ASSIGNMENT AND ASSUMPTION OF LEASE
THIS ASSIGNMENT, made effective as of the 6th day of
November, 1996, by AEI Net Lease Income & Growth Fund XIX Limited
Partnership, whose address is 0000 Xxxxxxxxx Xxxxx Xxxxx Xxxxxx,
Xx. Xxxx, Xxxxxxxxx 00000 (herein called "Assignor") to Xxx
Xxxxxxxxxxx, whose address is 16418 Silver Xxxxxx Xxxxx, Xxxxx,
Xx. 00000 and Xxxx Xxxxxx, whose address is 00000 Xxxxxx Xxxxx,
Xxxxxx Xxxxxx, Xx. 00000 (herein called "Assignee"),
WITNESSETH:
FOR VALUE RECEIVED, Subject to the vendor's lien and the
lien of the Deed of Trust securing the purchase money financing
extended to Assignee by Assignor, Assignor hereby grants,
transfers and assigns to Assignee all of the right, title and
interest of Assignor in and to that certain lease by and between
Assignor and Taco Cabana, Inc., dated August 13, 1992, which
lease was assigned to Texas Taco Cabana, LP pursuant to the
General Assignment and Assumption of Leases between Taco Cabana,
Inc. and TC Lease Holding III, V, and VI, Inc. and pursuant to
the General Assignment and Assumption of Leases between TC Lease
Holding III, V, and VI, Inc. and Texas Taco Cabana, LP dated
October 31, 1993, (Texas Taco Cabana, LP hereinafter referred to
as "Tenant"), and in and to that certain Assignment of Alcohol
Sales Lease dated June 30, 1994 by and among Tenant, Cabana
Beverages, Inc. (Lessee under said Alcohol Sales Lease), and
Assignor herein (said lease and assignment of Alcohol Sales Lease
hereinafter being referred to as the "Lease"), which Lease
demises all of the real estate ("Premises") described in Exhibit
A attached hereto, together with any and all extensions and
renewals thereof, together with the immediate and continuing
right to collect and receive all rents, income, payments and
profits arising out of said Lease or out of the Premises or any
part thereof ("Rents"), together with the right to all proceeds
payable to Assignor pursuant to any purchase options on the part
of Tenant under the Lease, together with all payments derived
therefrom, if any, including but not limited to future claims for
the recovery of damages done to the Premises or for the abatement
of any nuisance existing thereon, future claims for damages
resulting from default under said Lease whether resulting from
acts of insolvency or acts of bankruptcy or otherwise, guarantees
thereof, and lump sum payments for the cancellation of said lease
or the waiver of any obligation or term thereof prior to the
expiration date and the return of any insurance premiums or ad
valorem tax payments made in advance and subsequently refunded,
AND ASSIGNOR FURTHER AGREES, ASSIGNS AND COVENANTS:
1. Representations. Assignor represents and warrants that
it is now the absolute owner of said Lease with full right and
title to assign the same and the Rents; that said Lease is valid,
in full force and effect and has not been modified or amended
except as disclosed to Assignee; that there are no outstanding
assignments or pledges thereof; that there are no existing
defaults under the provisions thereof on the part of any party to
the Lease; that no Rents have been waived, anticipated,
discounted, compromised or released; and that Tenant has no
defenses, setoffs, or counterclaims against Assignor.

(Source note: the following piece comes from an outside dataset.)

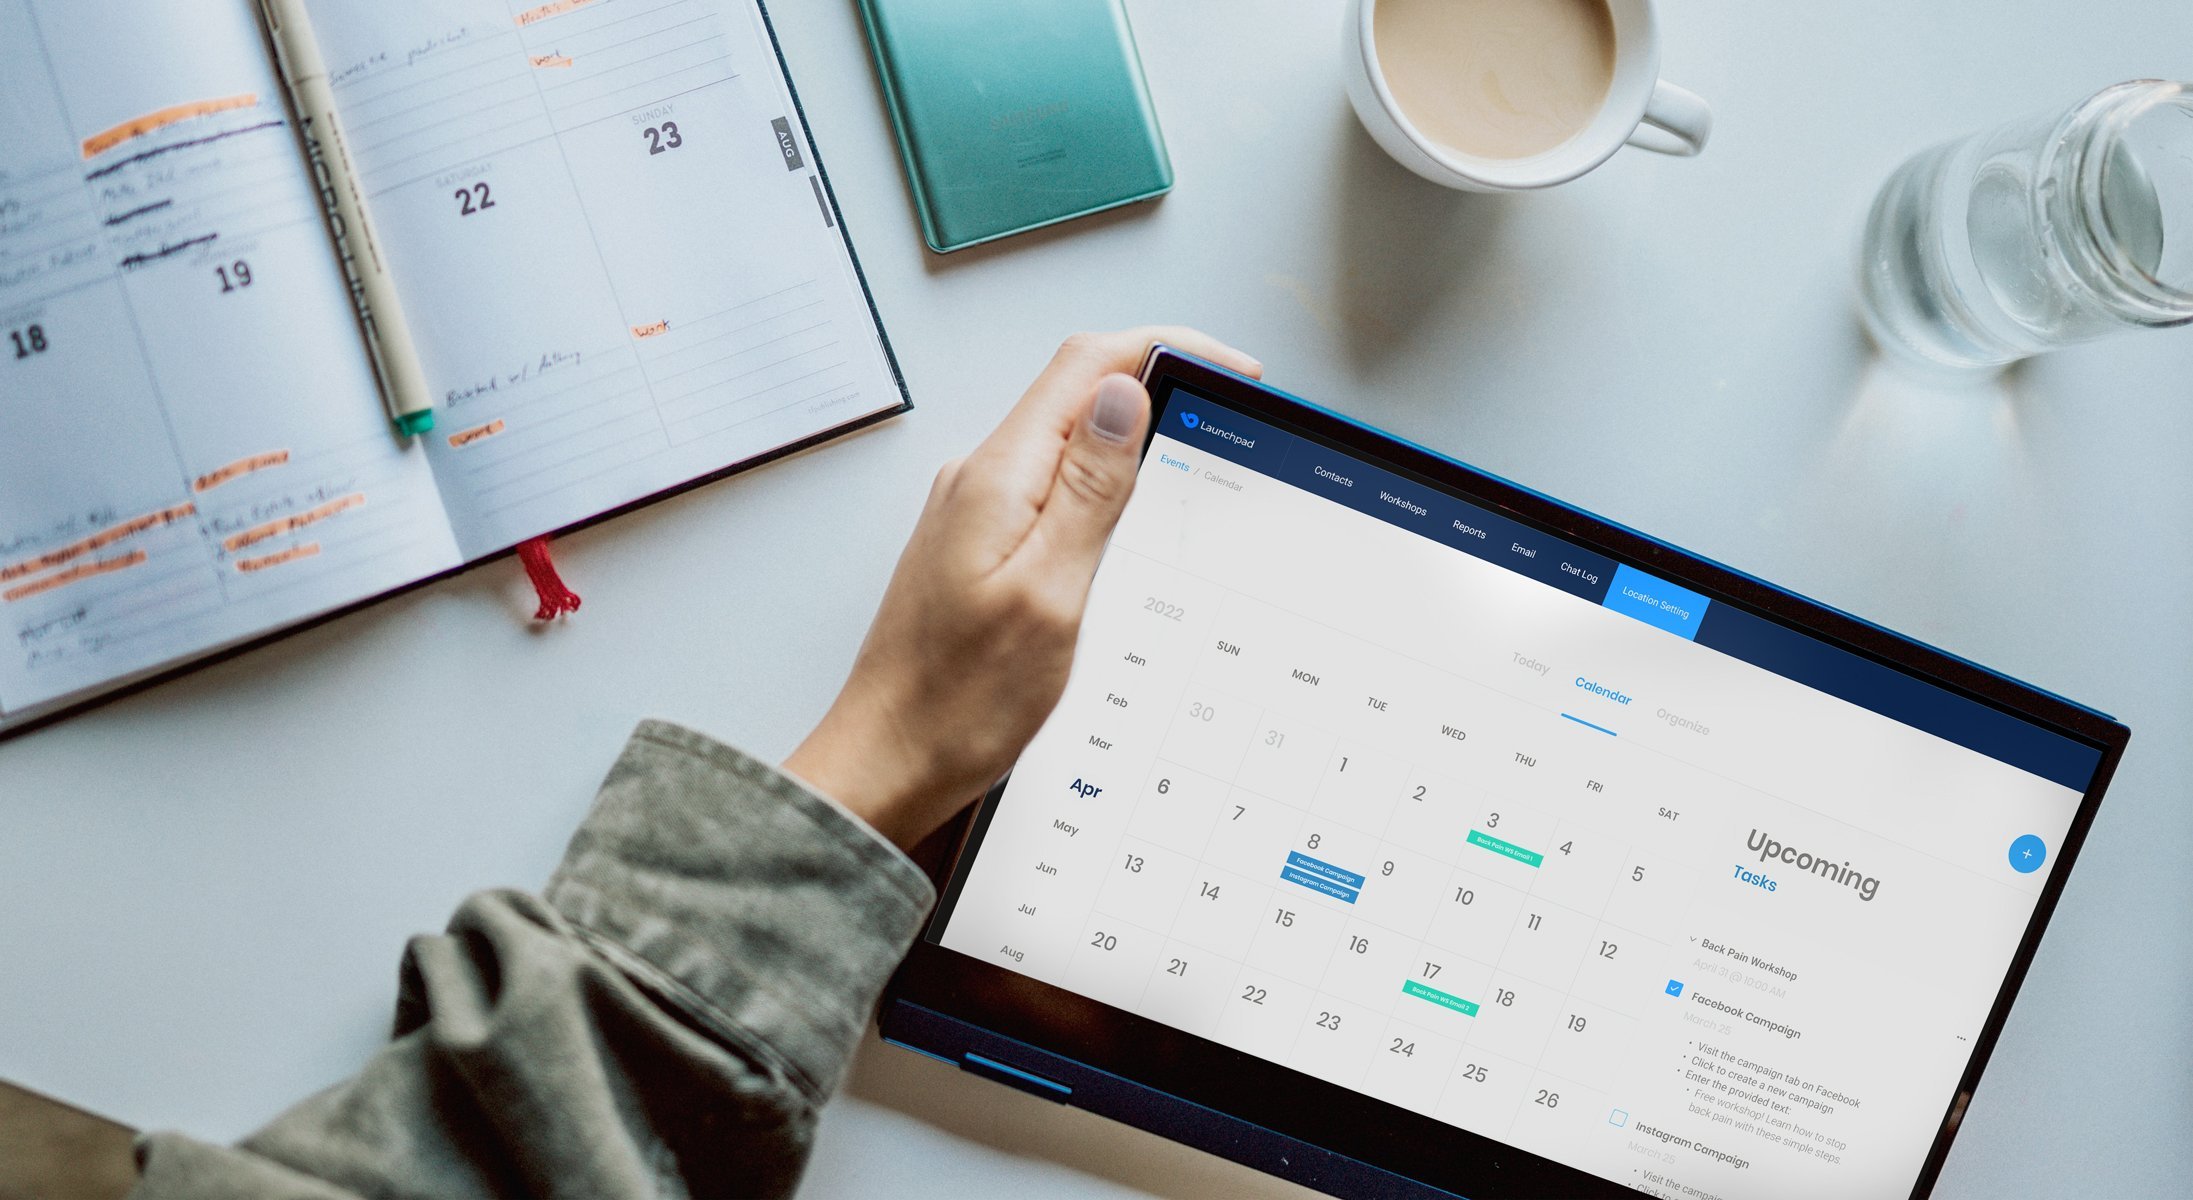 A pre-planned marketing calendar helps your team stay on track so you achieve the goals set in your marketing plan.

2. Assumption; Present Assignment. This Assignment shall
constitute a perfected, absolute and present assignment.
Assignee hereby assumes and agrees to perform all of the
obligations, duties, and liabilities of the Lessor under the
Lease from and after the date hereof.
3. No Liability For Assignee. The Assignee shall not be
obligated to perform or discharge, nor does it hereby undertake
to perform or discharge any obligation, duty or liability under
said Lease incurred prior to the date hereof nor shall this
Assignment operate to place responsibility for the control, care,
management or repair of the Premises prior to the date hereof
upon the Assignee nor for the carrying out of any of the terms
and conditions of said Lease; nor shall it operate to make the
Assignee responsible or liable for any waste committed on the
Premises, or for any dangerous or defective condition of the
Premises, or for any negligence in the management, upkeep, repair
or control of said Premises, prior to the date hereof resulting
in loss or injury or death to any tenant, licensee, employee or
stranger nor liable for laches or failure to collect the rents
and Assignee shall be required to account only for such moneys as
are actually received by it.
4. Assignor Hold Assignee Harmless. The Assignor shall
and does hereby agree to indemnify and to hold Assignee harmless
of and from any and all liability, loss or damage which it may or
might incur under said Lease or under or by reason of this
Assignment, of and from any and all claims and demands whatsoever
which may be asserted against it by reason of any alleged
obligations or undertakings on Assignee's part to perform or
discharge any of the terms, covenants or agreements contained in
said Lease prior to the date hereof. Should the Assignee incur
any such liability, or in the defense of any such claims or
demands, the amount thereof, including costs, expenses, and
reasonable attorney's fees, Assignor shall reimburse the
Assignee therefor immediately upon demand,
5. Assignee Hold Assignor Harmless. The Assignee shall
and does hereby agree to indemnify and to hold Assignor harmless
of and from any and all liability, loss or damage which it may or
might incur under said Lease or under or by reason of this
Assignment and of and from any and all claims and demands
whatsoever which may be asserted against it by reason of any
alleged obligations or undertakings on Assignor's part to perform
or discharge any of the terms, covenants or agreements contained
in said Lease on or after the date hereof. Should the Assignor
incur any such liability, or in the defense of any such claims or
demands, the amount thereof, including costs, expenses, and
reasonable attorney's fees, Assignee shall reimburse the
Assignor therefor immediately upon demand.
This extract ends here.